* Data provided
· · ·

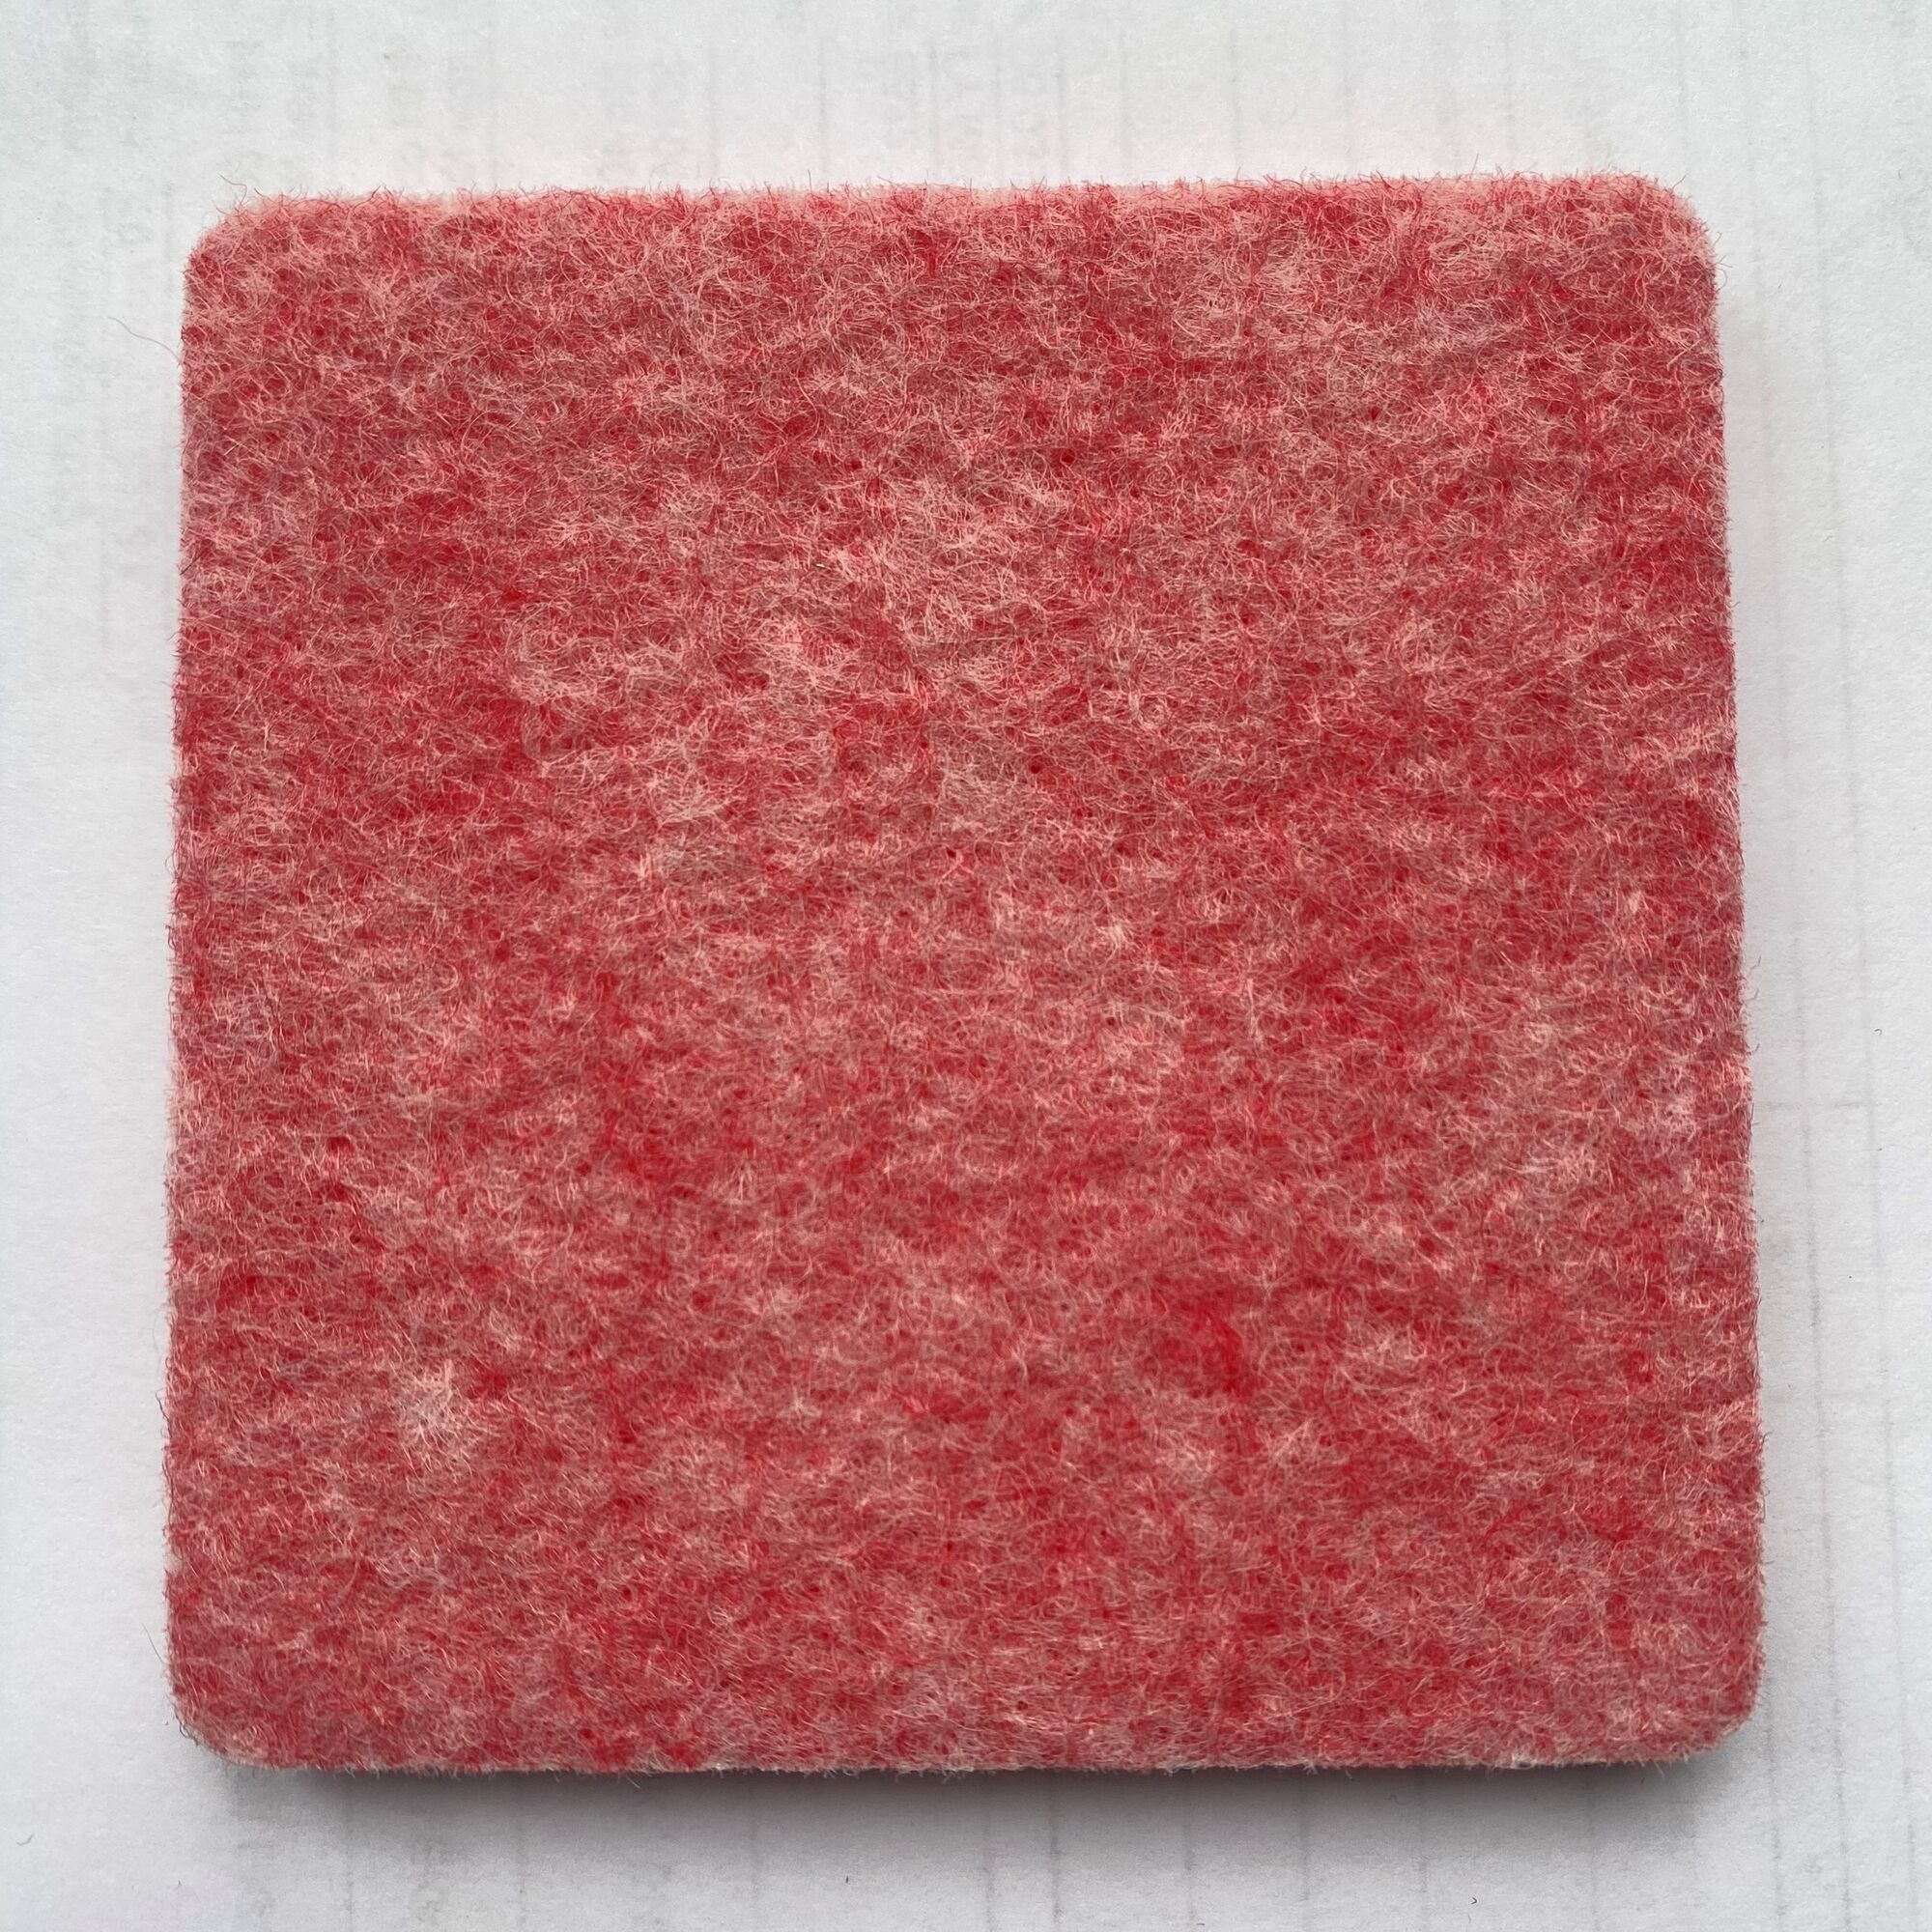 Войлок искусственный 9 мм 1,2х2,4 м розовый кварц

· · ·

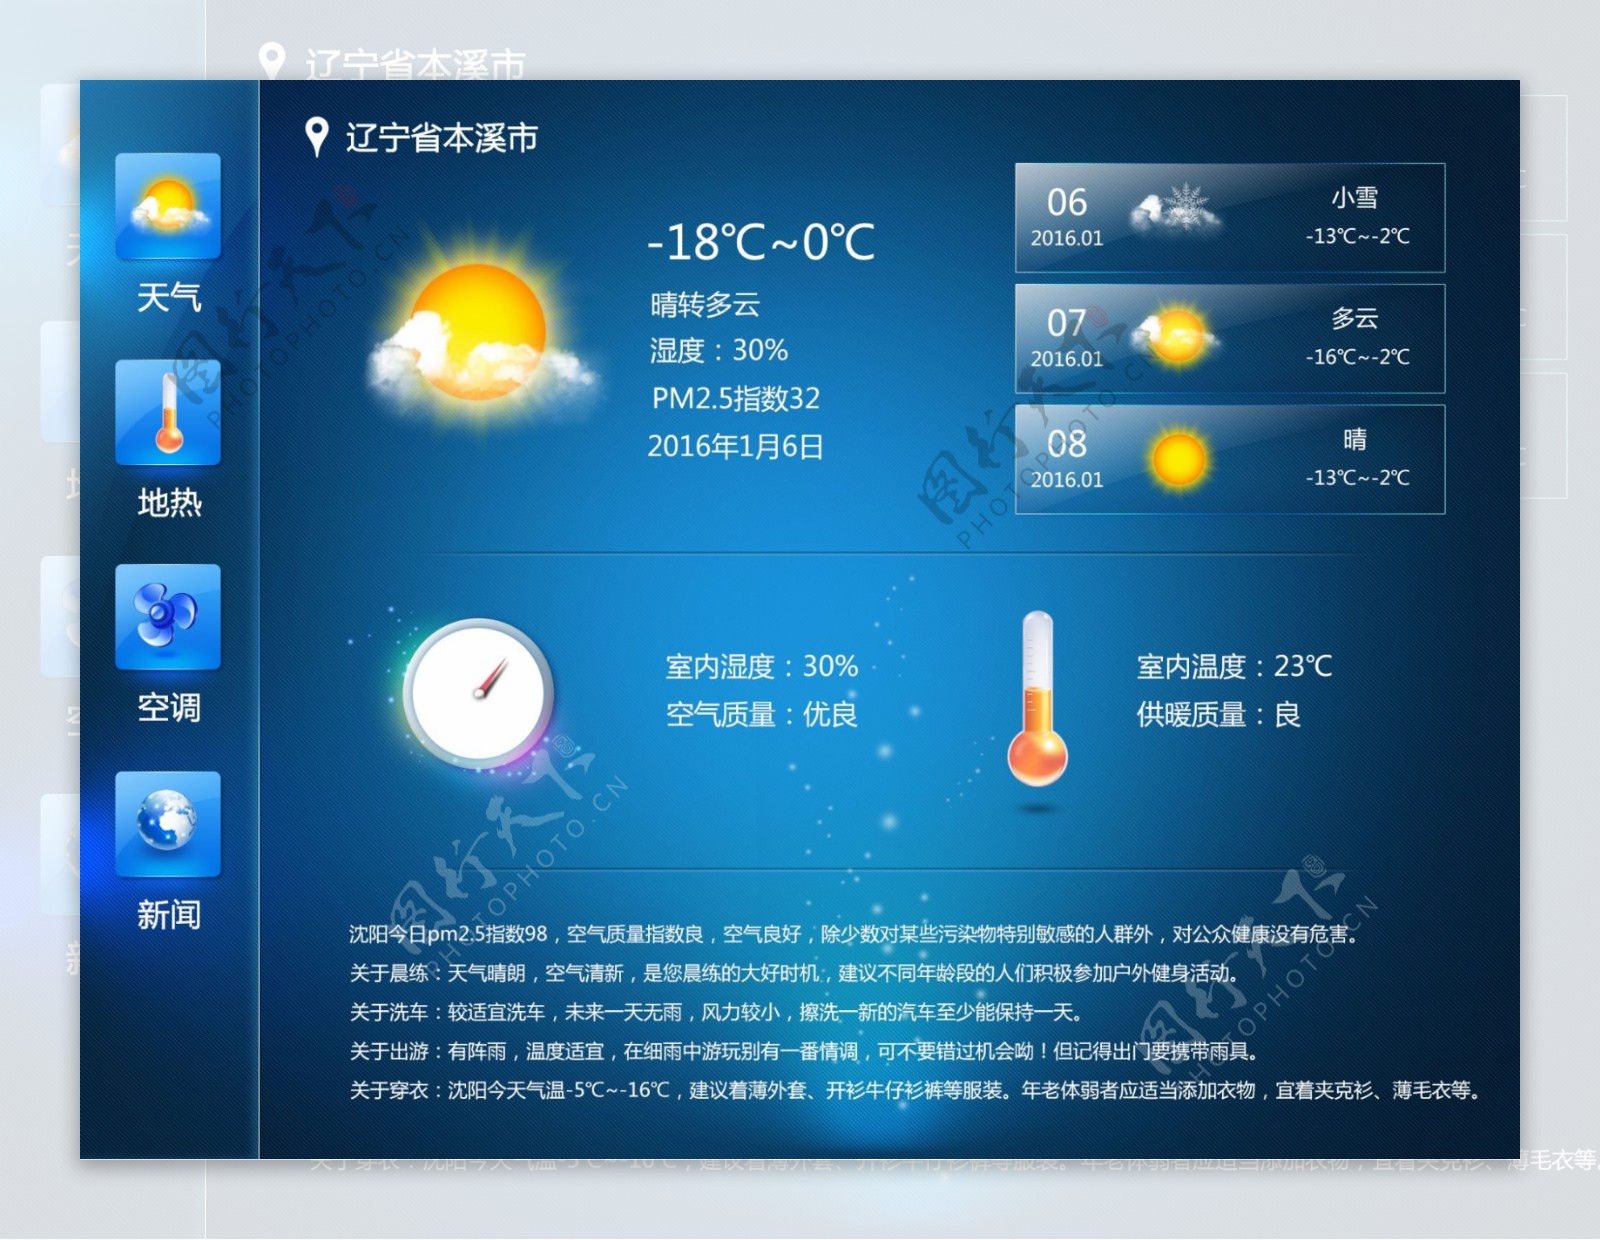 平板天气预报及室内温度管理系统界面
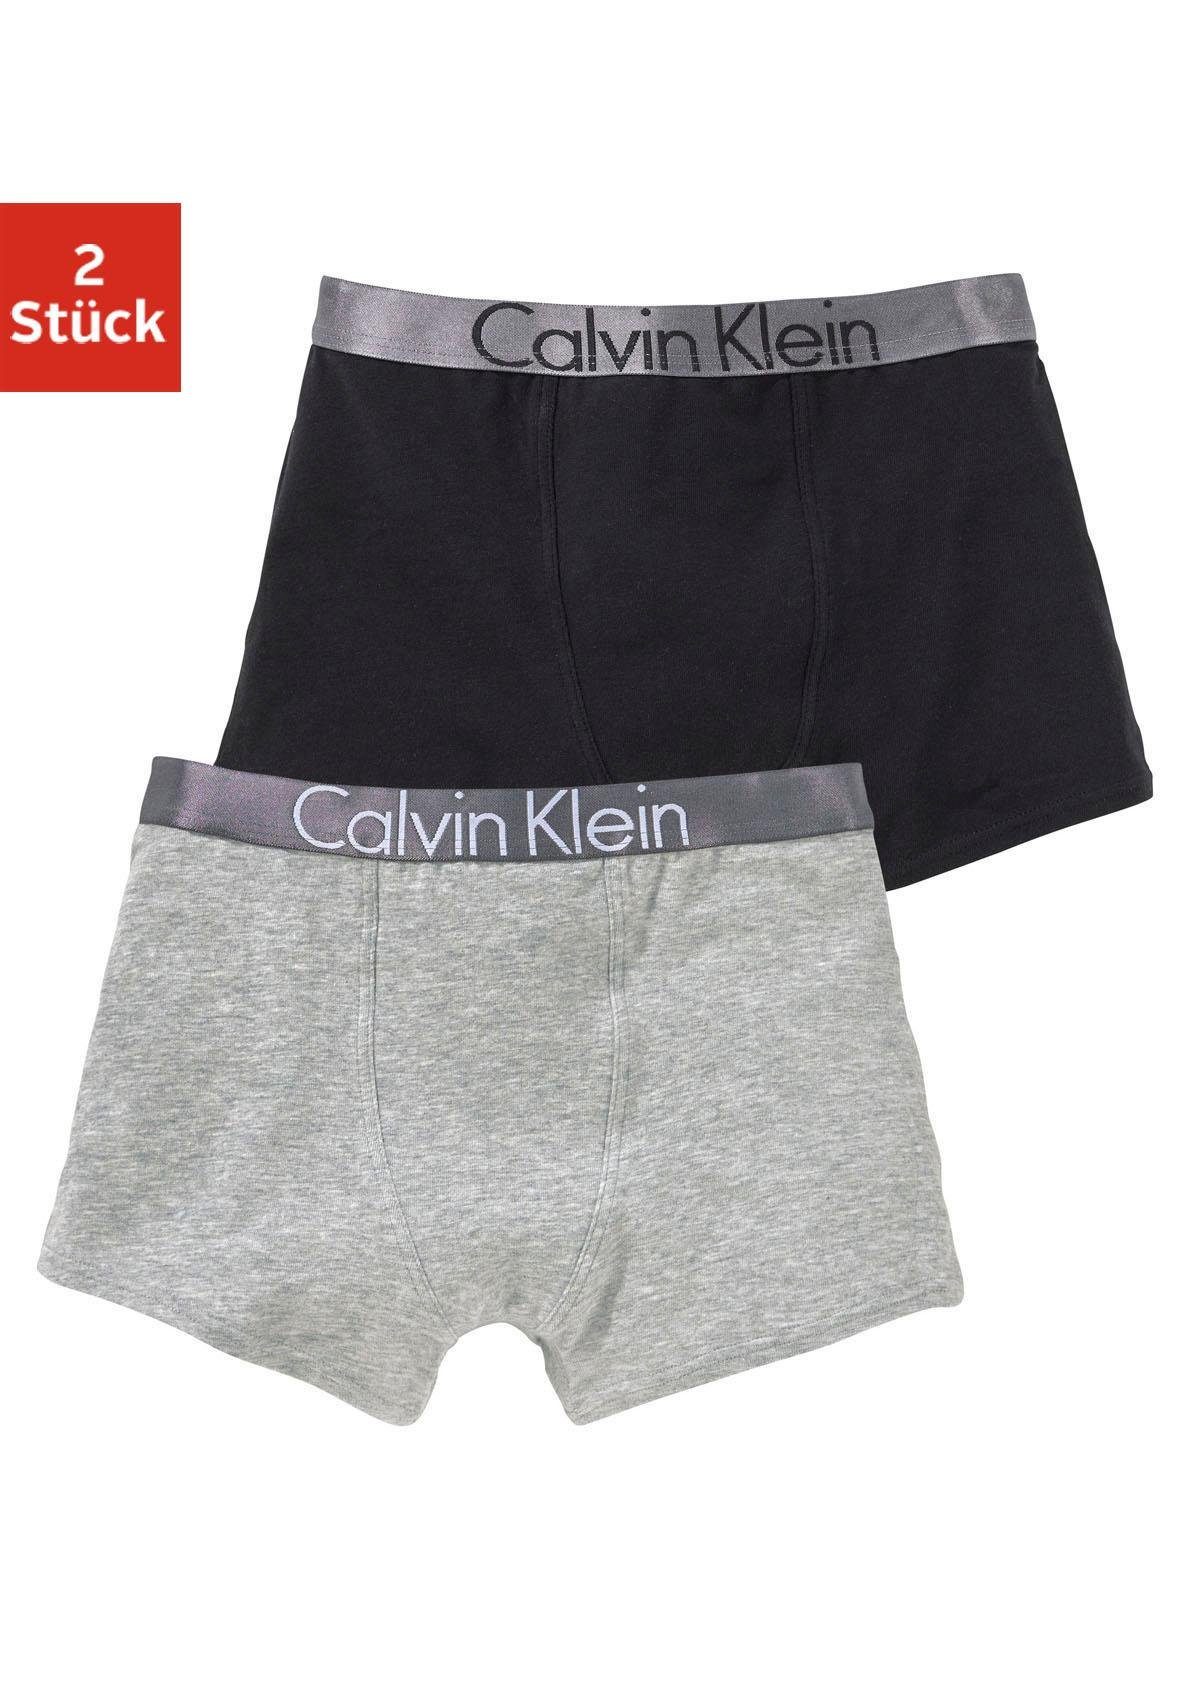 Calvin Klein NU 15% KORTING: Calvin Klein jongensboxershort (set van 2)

· · ·

* Exercise aim
In the listing above, find the line with "平板天气预报及室内温度管理系统界面" and the line with "Calvin Klein NU". Output both, plus every line between them, and no pictures.

* Answer below
 平板天气预报及室内温度管理系统界面
 Calvin Klein NU 15% KORTING: Calvin Klein jongensboxershort (set van 2)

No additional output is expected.